**Data provided**:
════════════════

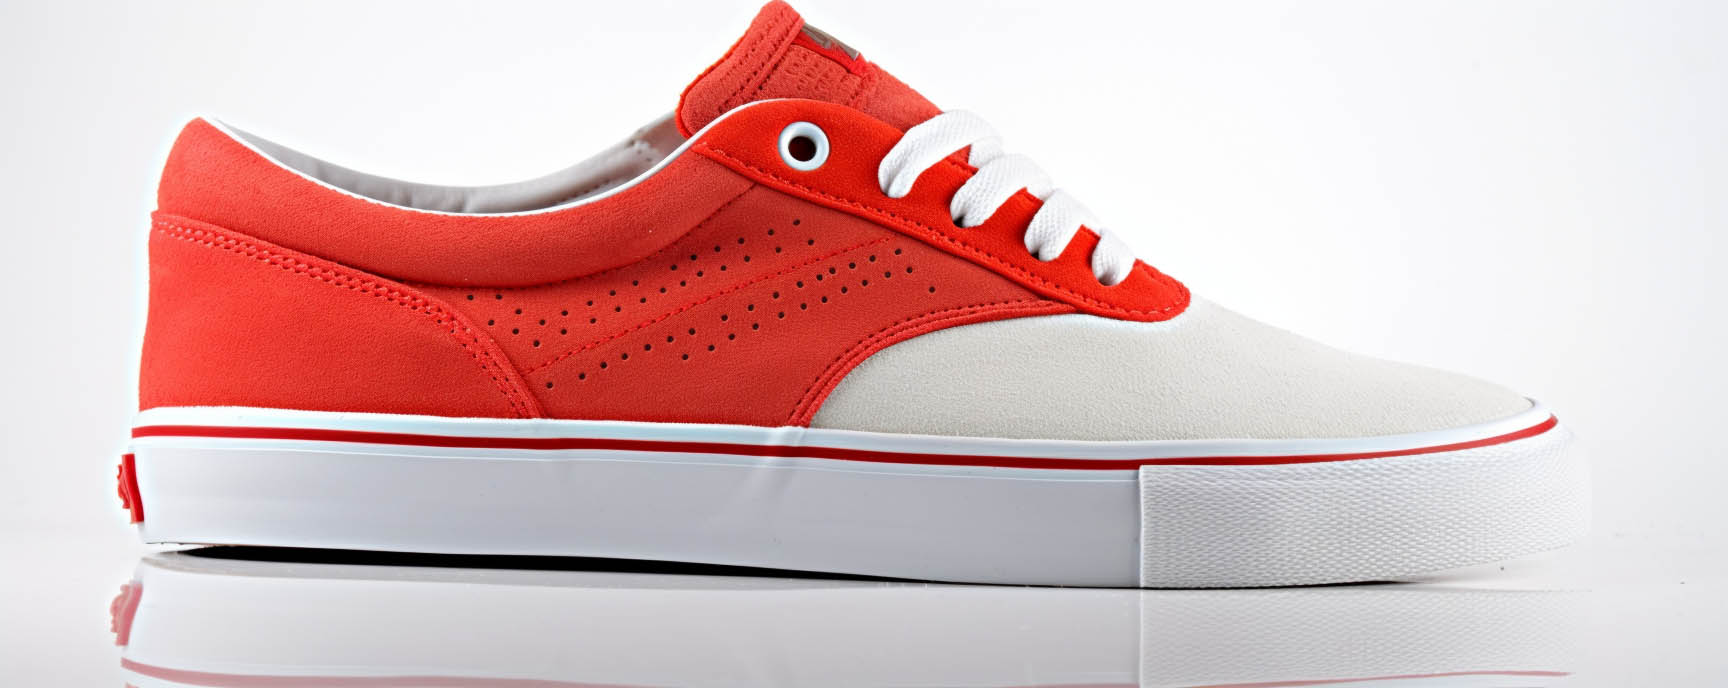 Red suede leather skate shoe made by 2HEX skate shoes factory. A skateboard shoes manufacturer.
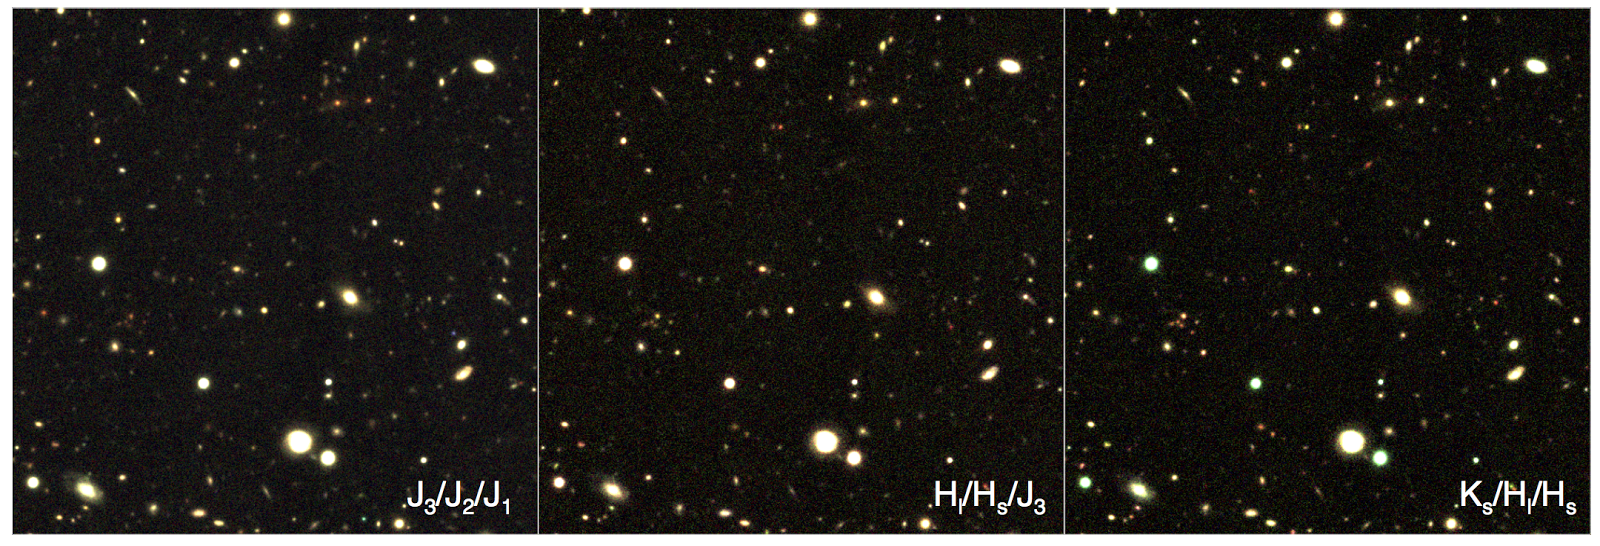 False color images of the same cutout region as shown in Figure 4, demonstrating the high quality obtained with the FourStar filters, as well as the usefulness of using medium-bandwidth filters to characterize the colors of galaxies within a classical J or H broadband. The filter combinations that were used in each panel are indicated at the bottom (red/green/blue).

════════════════

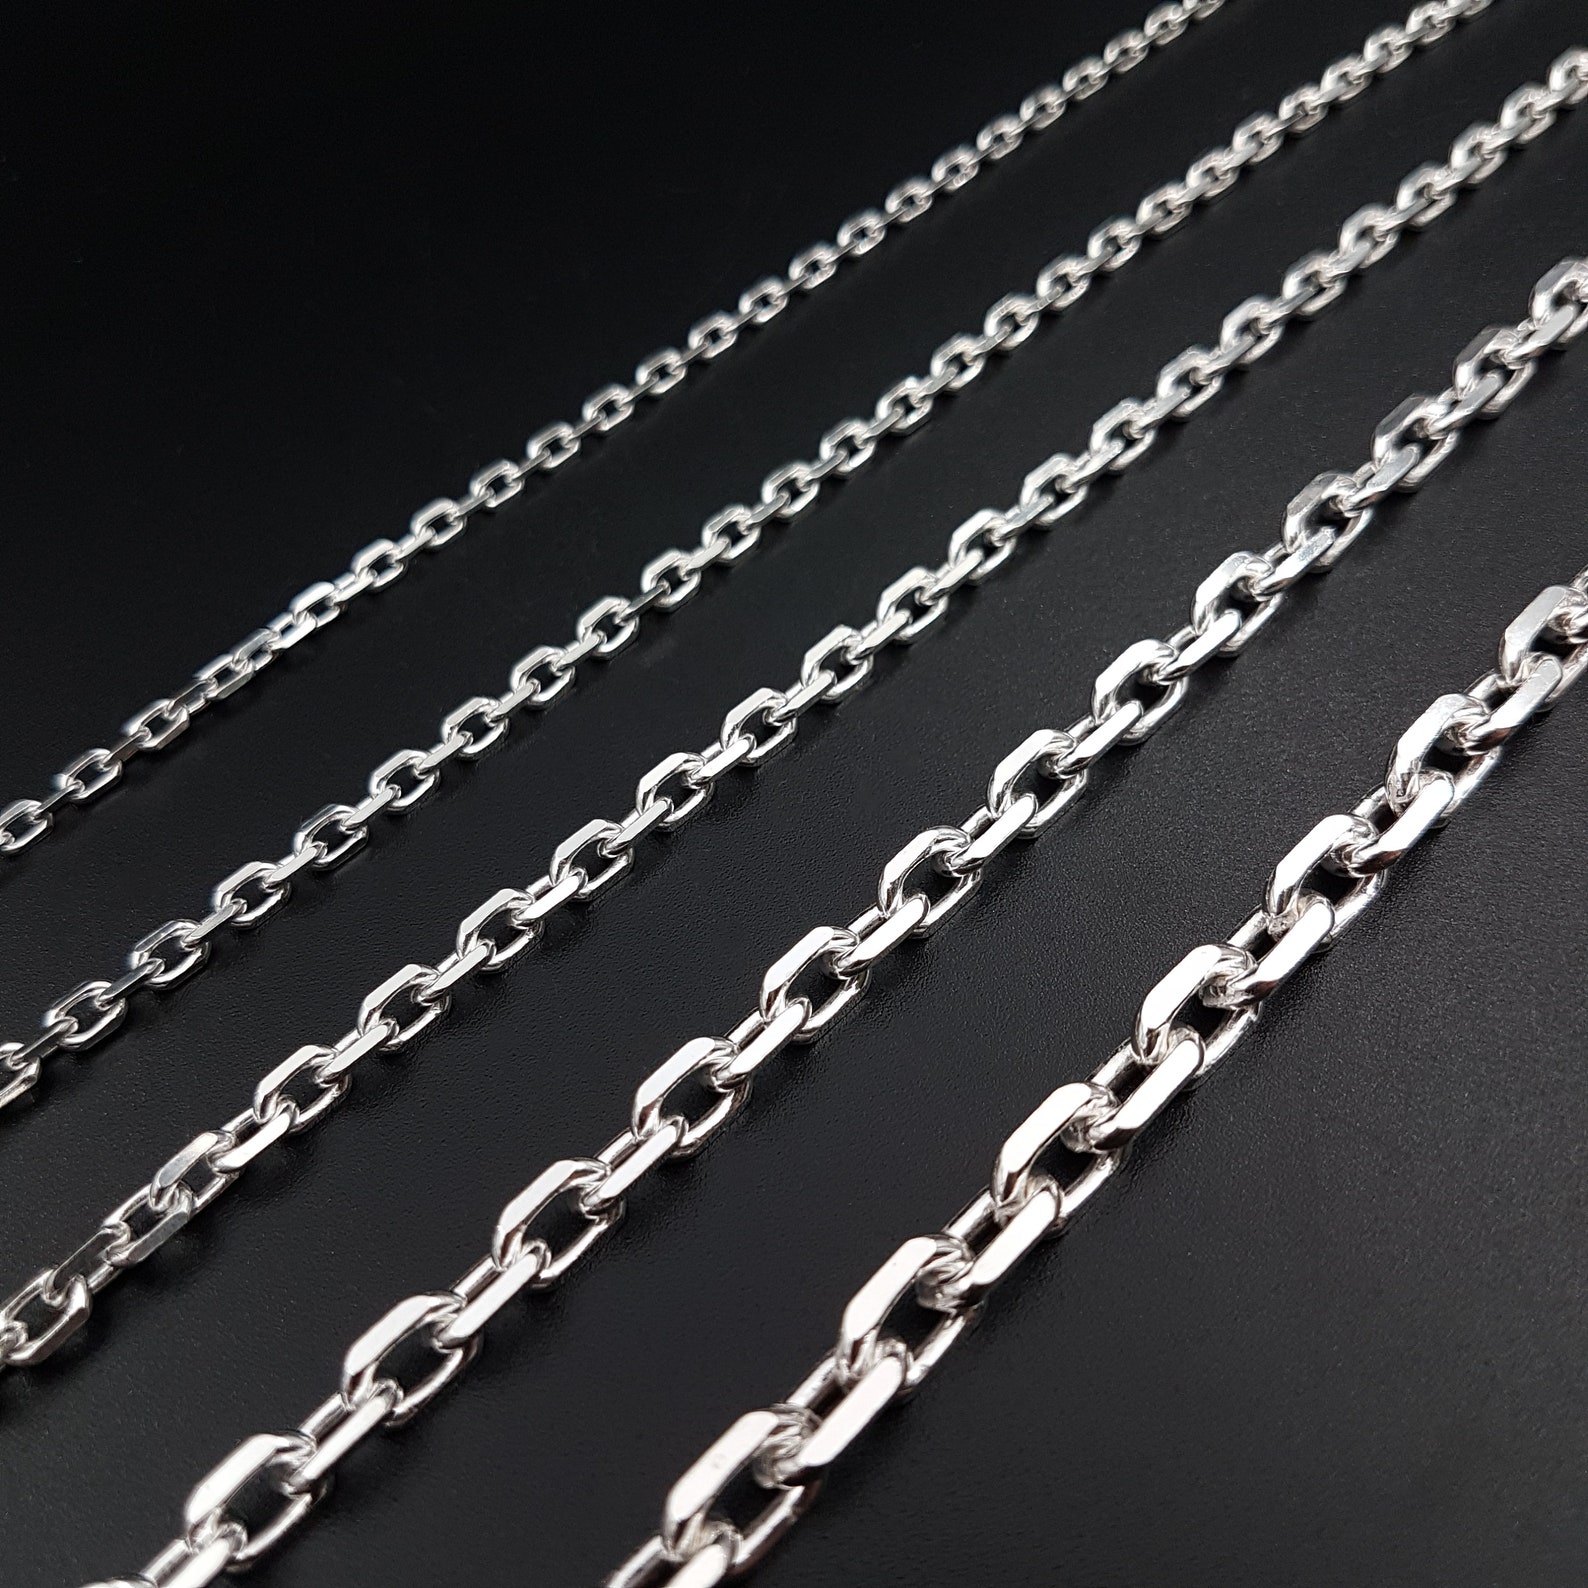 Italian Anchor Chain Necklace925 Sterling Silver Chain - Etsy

════════════════

All lines above starting at the one with "Red suede leather" and ending at the one with "False color images", inclusive, are to be printed again exactly, with the pictures left out.

 Red suede leather skate shoe made by 2HEX skate shoes factory. A skateboard shoes manufacturer.
 False color images of the same cutout region as shown in Figure 4, demonstrating the high quality obtained with the FourStar filters, as well as the usefulness of using medium-bandwidth filters to characterize the colors of galaxies within a classical J or H broadband. The filter combinations that were used in each panel are indicated at the bottom (red/green/blue).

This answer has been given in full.